Rock Strength and Texture Evolution During Deformation in the Earth's Ductile Lithosphere: A Two‐Phase Thermodynamics Model

Building upon the two‐phase and grain damage theory, we propose a new formulation allowing to track the evolution of phase mixing/segregation during ductile deformation of a two‐phased aggregate. Our model is based on a set of variables characterizing a rock texture: the mean grain sizes and the phase proportion. During ductile deformation, activation of different micromechanical processes impacts the aggregate texture. Dislocation and diffusion creep are the two main deformation processes considered. We only account for the effect of Zener pinning in slowing down grain growth and allow for active grain‐size reduction mechanisms in the diffusion creep domain. For this purpose, an equation is proposed to track the phase mixing evolution during ductile deformation. Numerical application using anorthite rheology shows that any grain reduction mechanisms that could be active in the diffusion creep regime requires a very high partition fraction in order to reach the grain size predicted by the feldspar piezometer.

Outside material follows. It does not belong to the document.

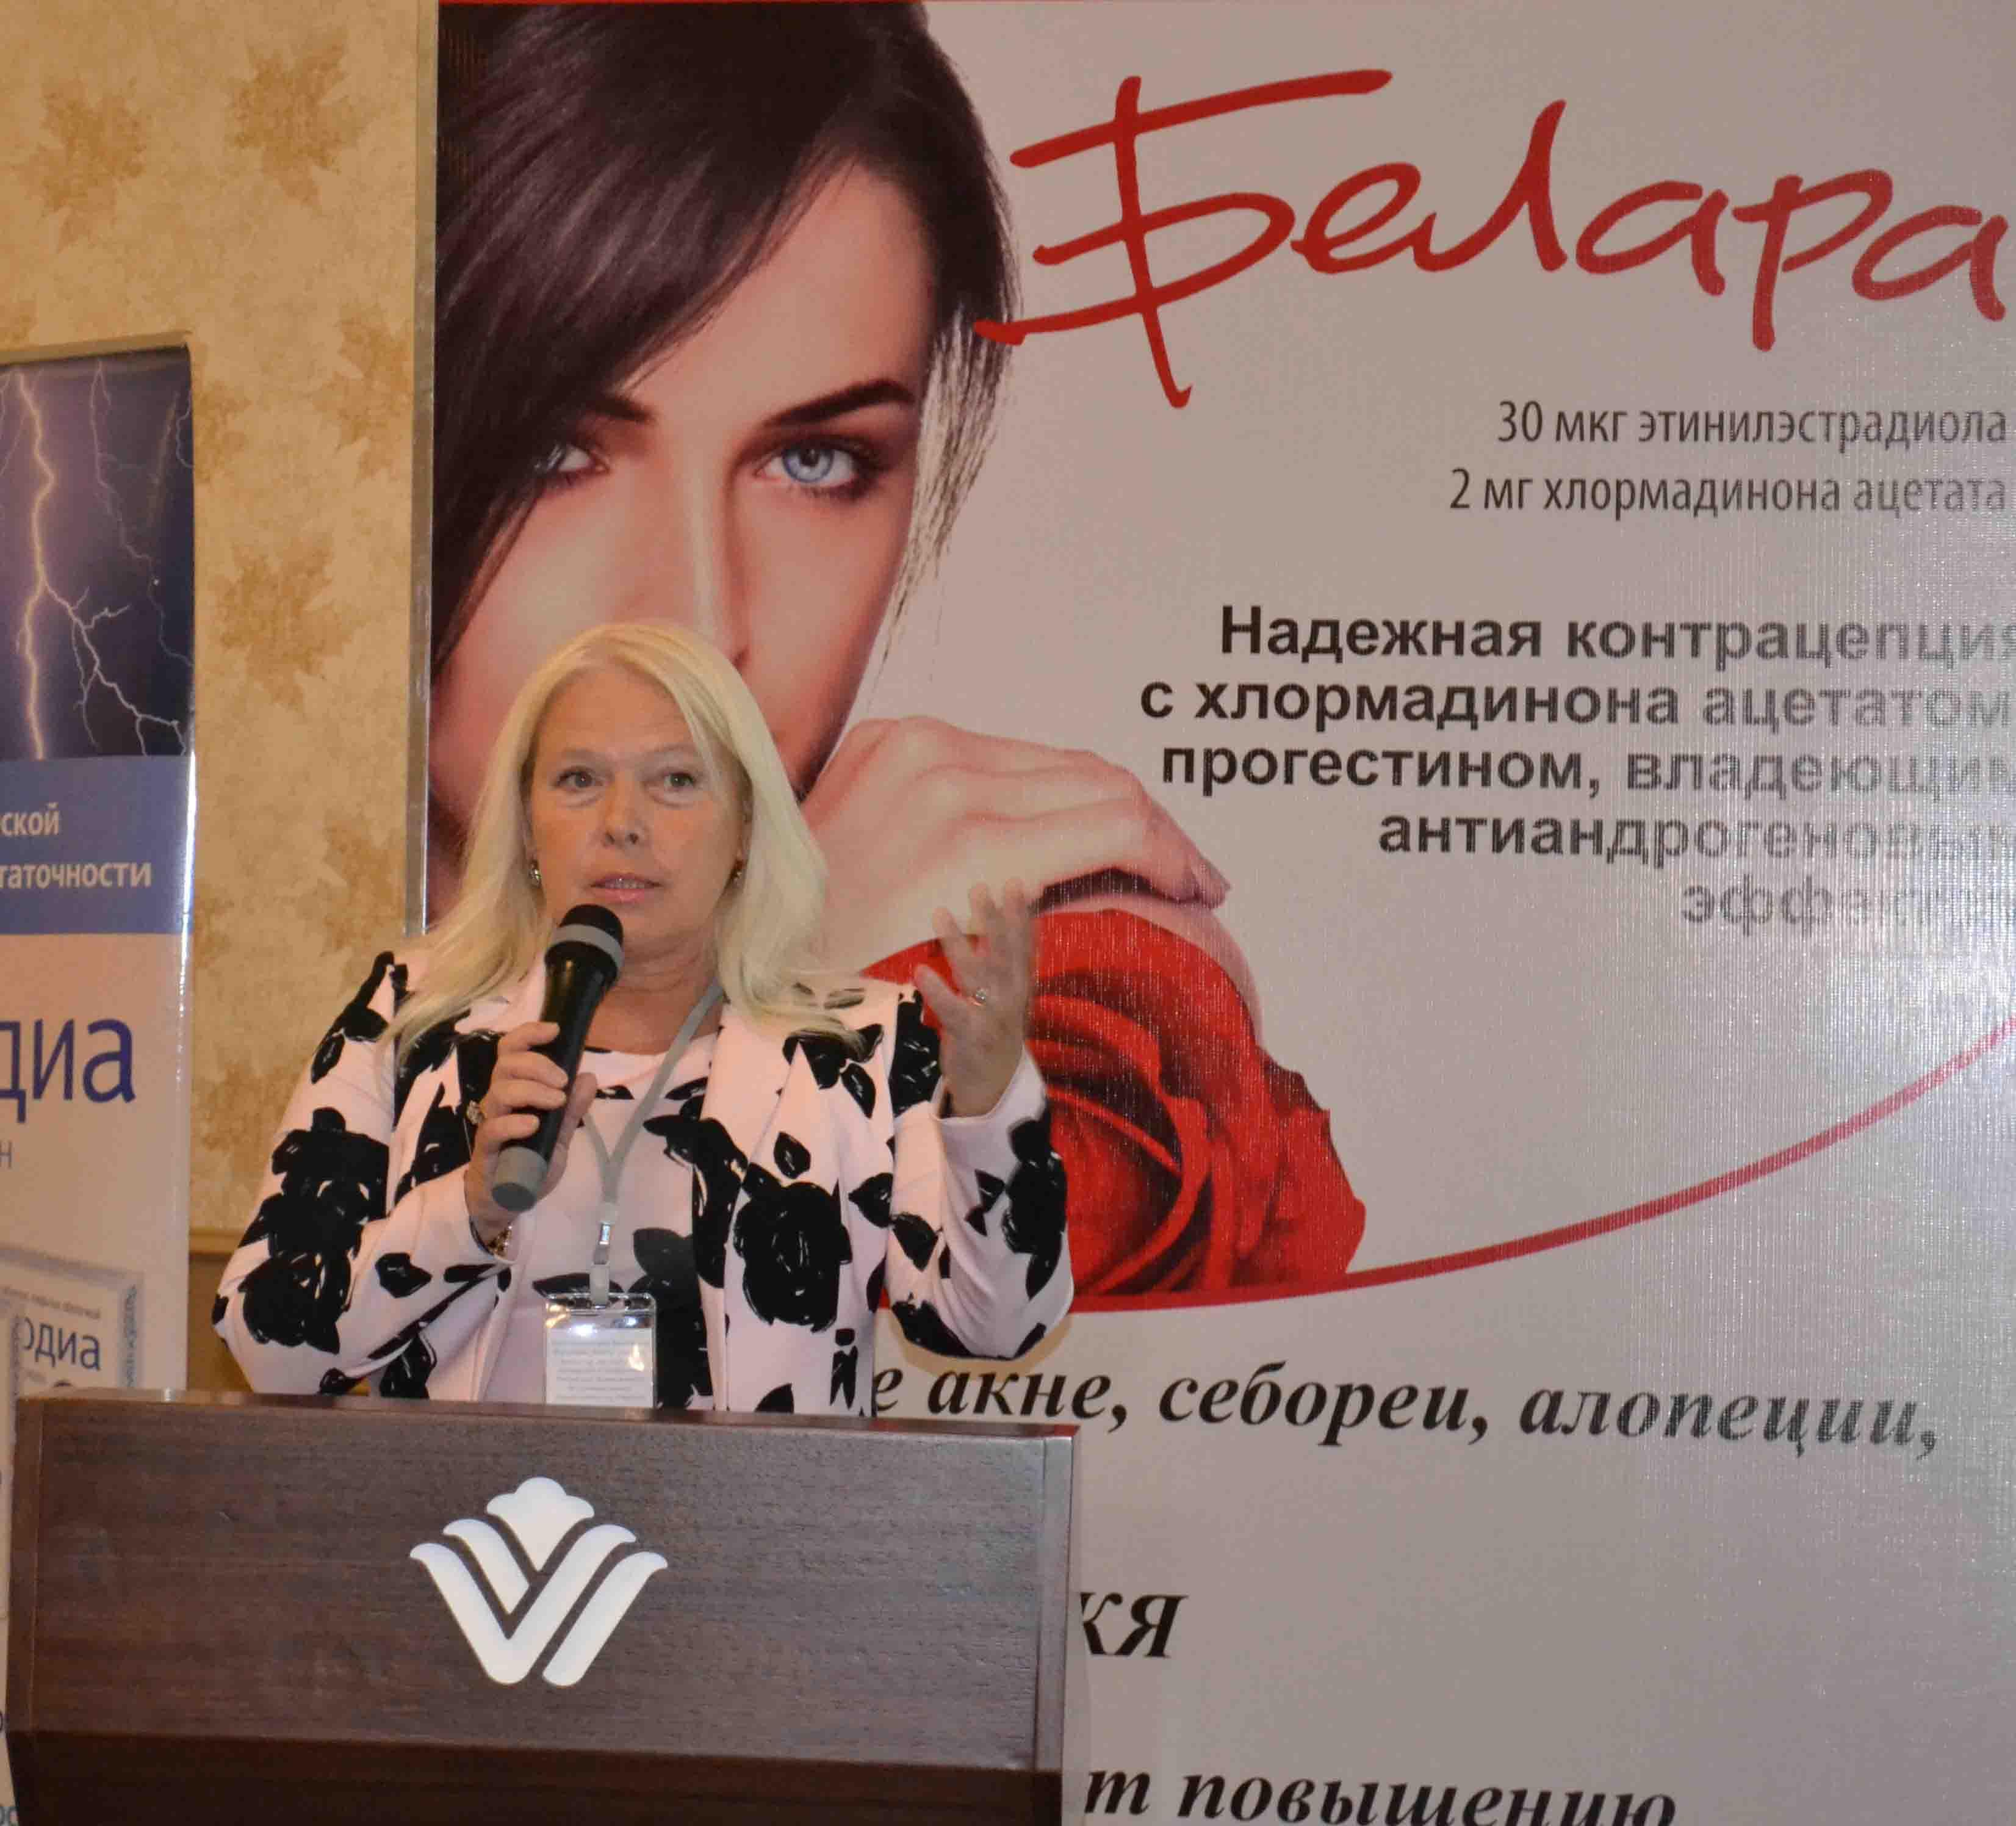 http://medicalexpress.ru/uploads/reportss/12346.jpg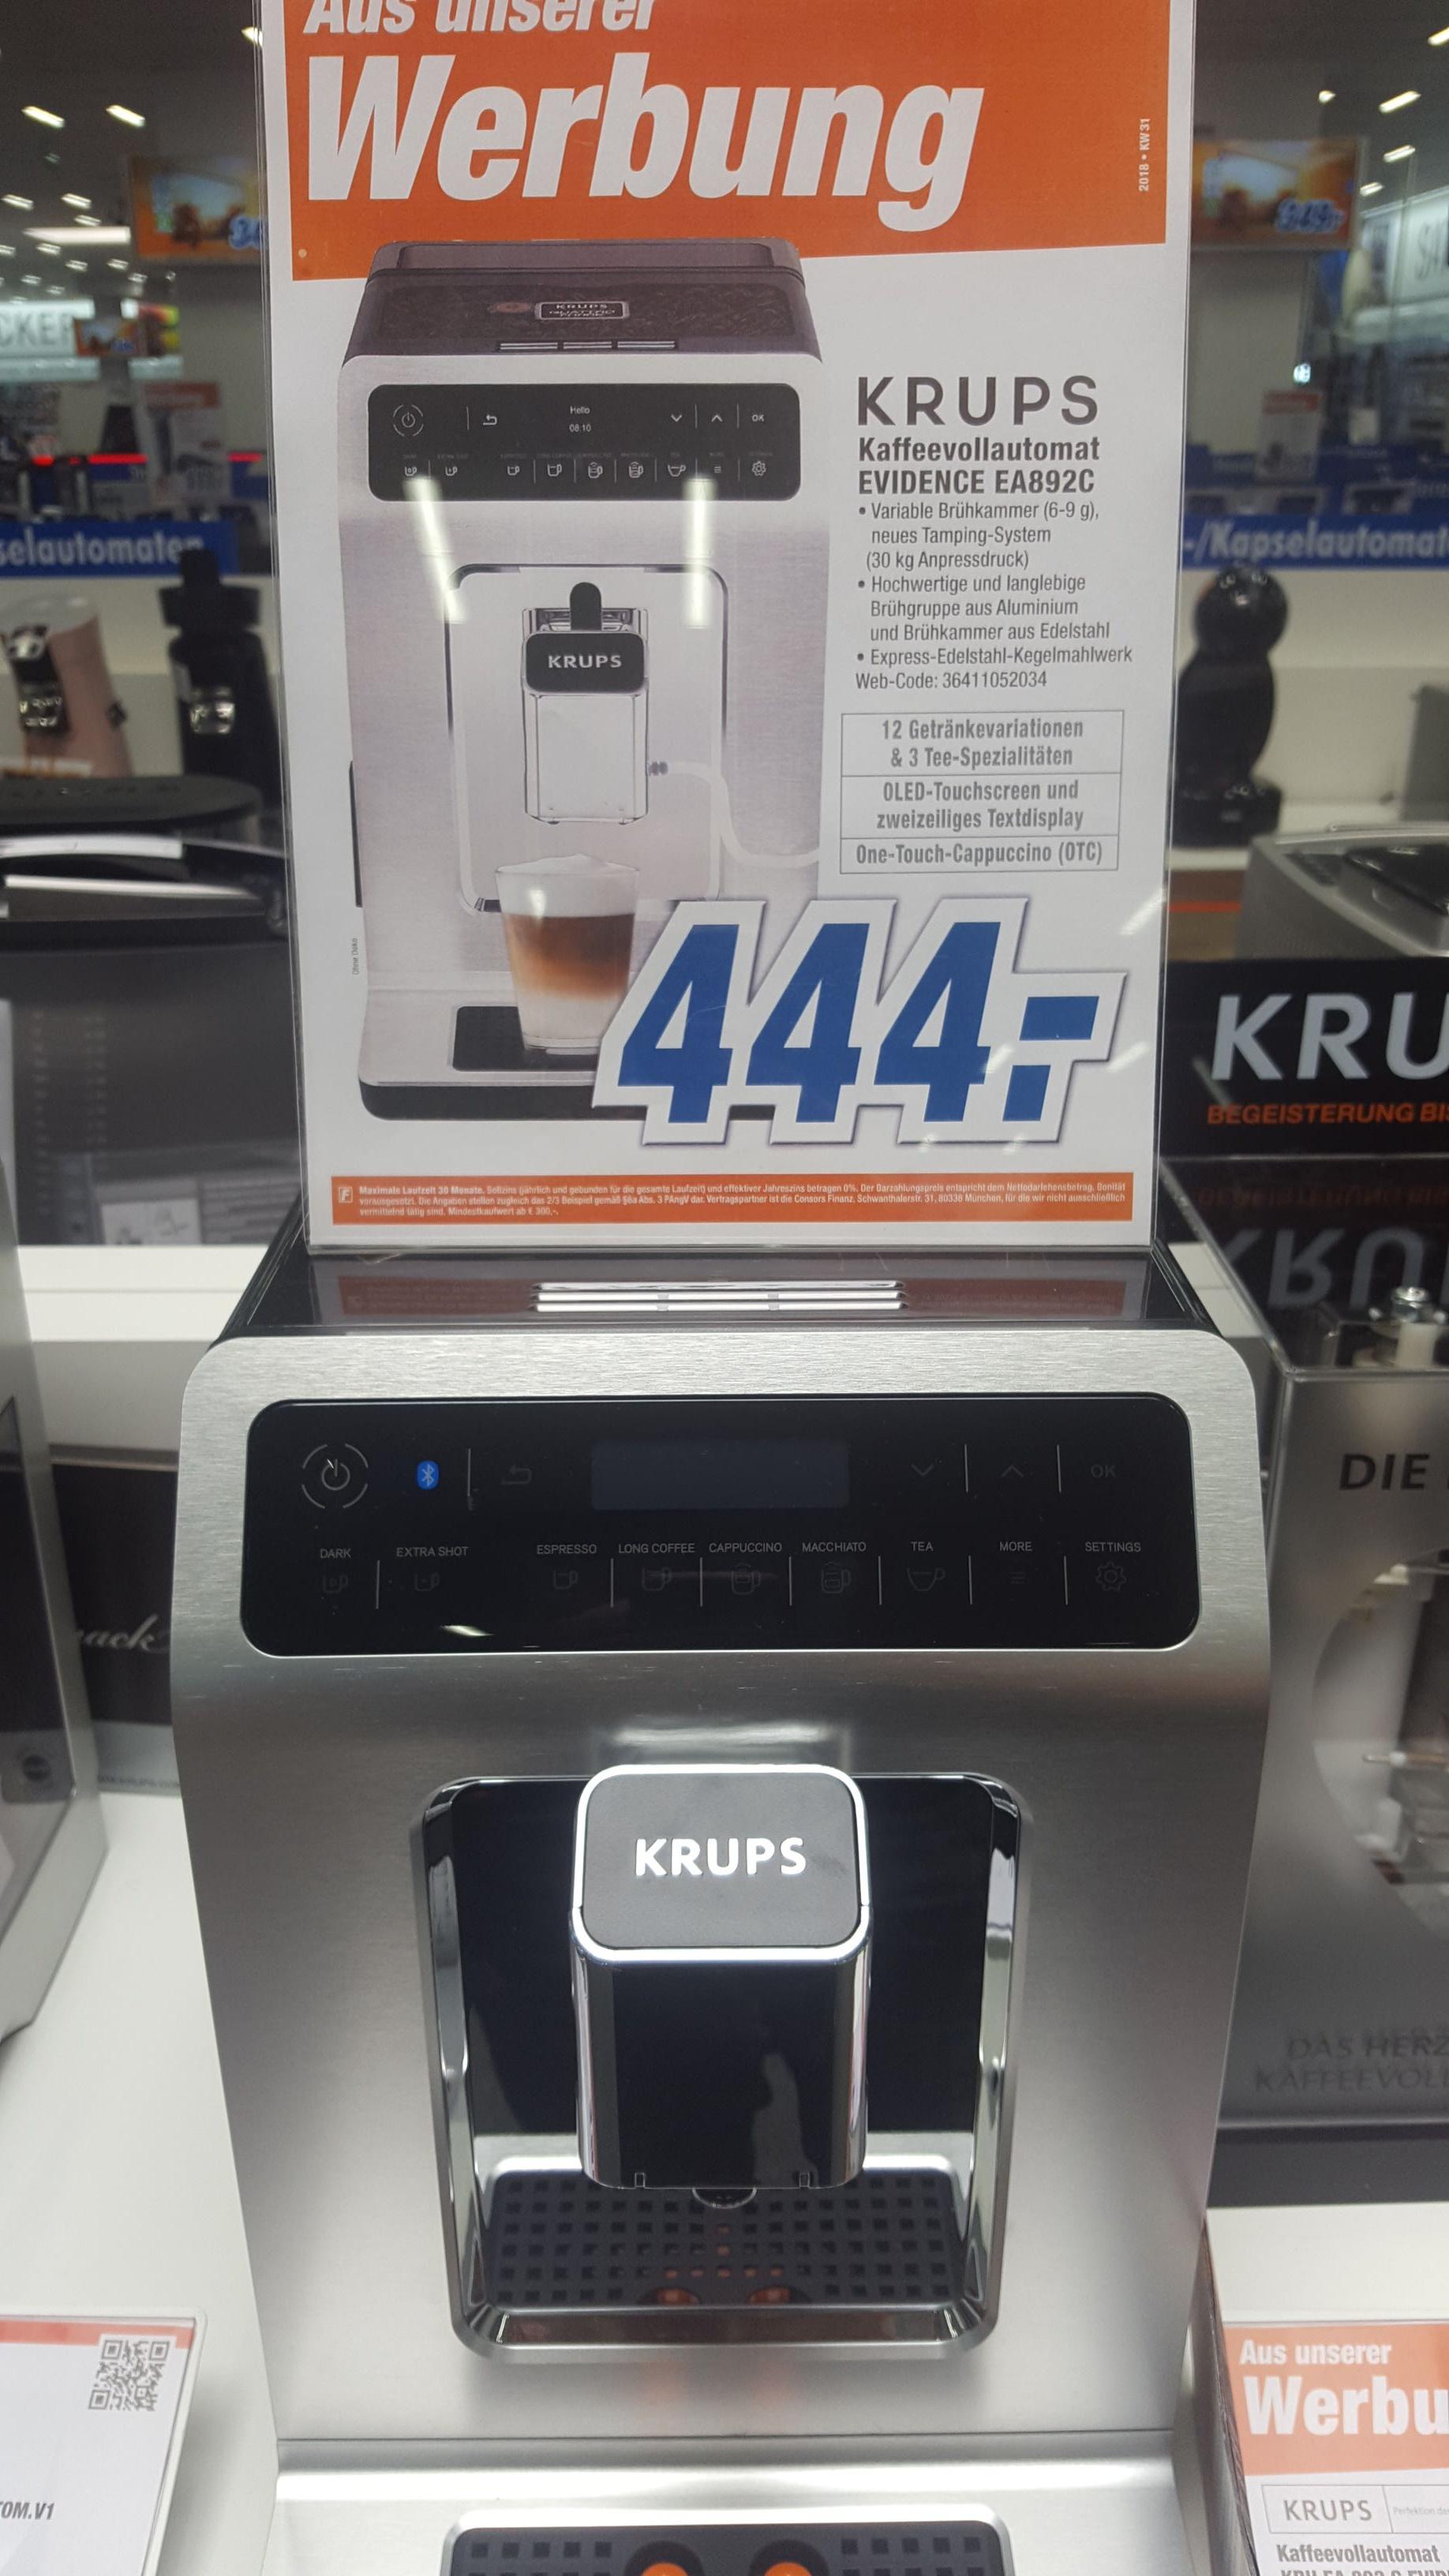 [Lokal Neuss] Krups Evidence EA892C Kaffeevollautomat

Application of this model to gabbroic composition, relevant for the ductile crust, demonstrates that the strong coupling between phases grain sizes and interface evolution results in steady‐state grain sizes far below the field boundary. This effect is coeval with an important increase of mixing between the two phases. In addition, accounting for the phase mixing results in a drop of the global aggregate stress during deformation. This model allows for further comparison of mylonitized textures evolution with natural shear zones at the local and regional scales.